As the United States progresses through this era of rapid digital advancement, it is crucial to recognize that transformative technologies should not be abandoned due to the risks they pose. Rather, the focus should be on understanding the threats, implementing necessary countermeasures, and continuing to utilize the tools in a safer and more secure manner. The dual role of large language models as both measure and countermeasure highlights the complexity of the challenge while also providing insight into effective management. Acknowledging the measure-countermeasure dynamic offers a valuable framework for addressing challenges, enabling the exploitation of technological innovation, and enhancing national security.

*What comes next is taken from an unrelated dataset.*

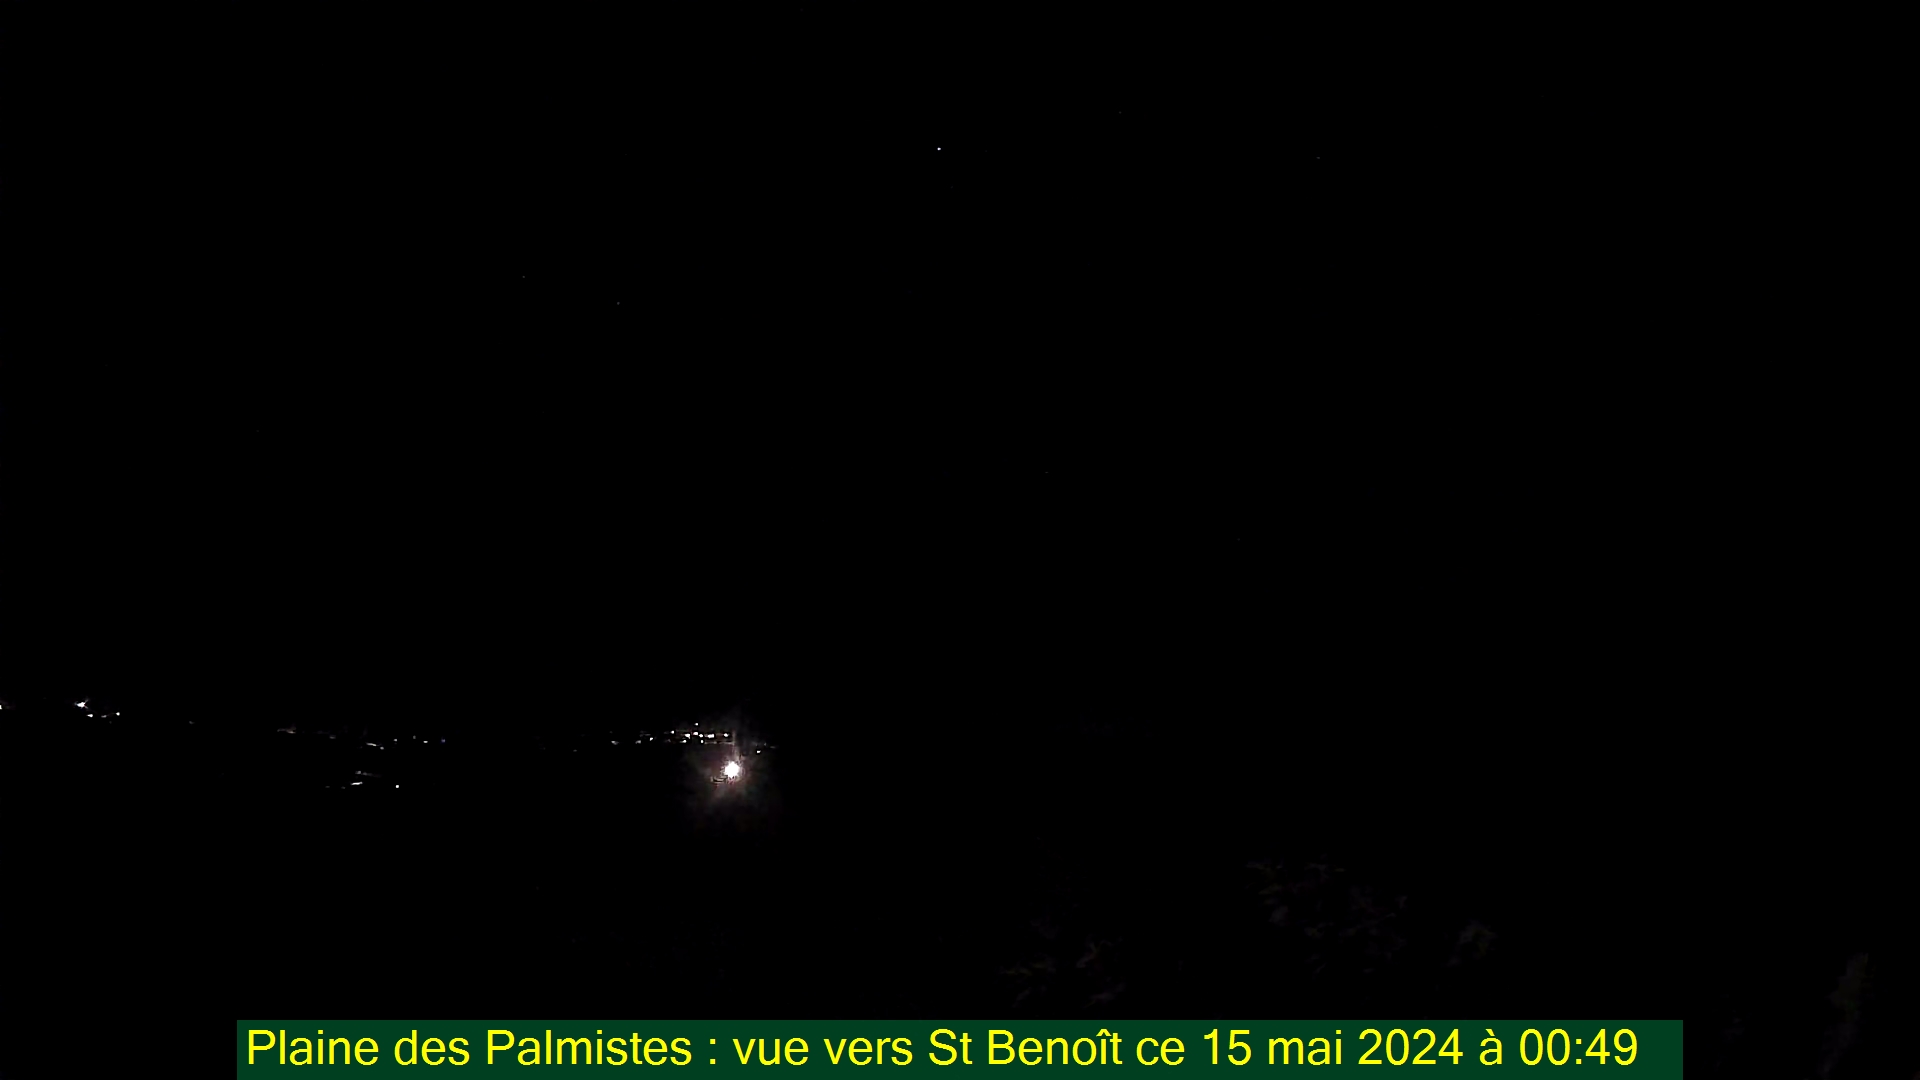 Saint-Denis (Réunion) Søn. 00:50

Embracing the sequential robustness framework ensures that our future is not solely determined by today’s developments and decisions. Instead, it will evolve through a series of choices made over time, each informed by updated data and shifting contexts, facilitating risk mitigation and maximizing previously unforeseeable benefits.
Christopher Mouton is a senior engineer at the nonprofit, nonpartisan RAND Corporation and a professor at the Pardee RAND Graduate School.
Caleb Lucas is an associate political scientist at RAND.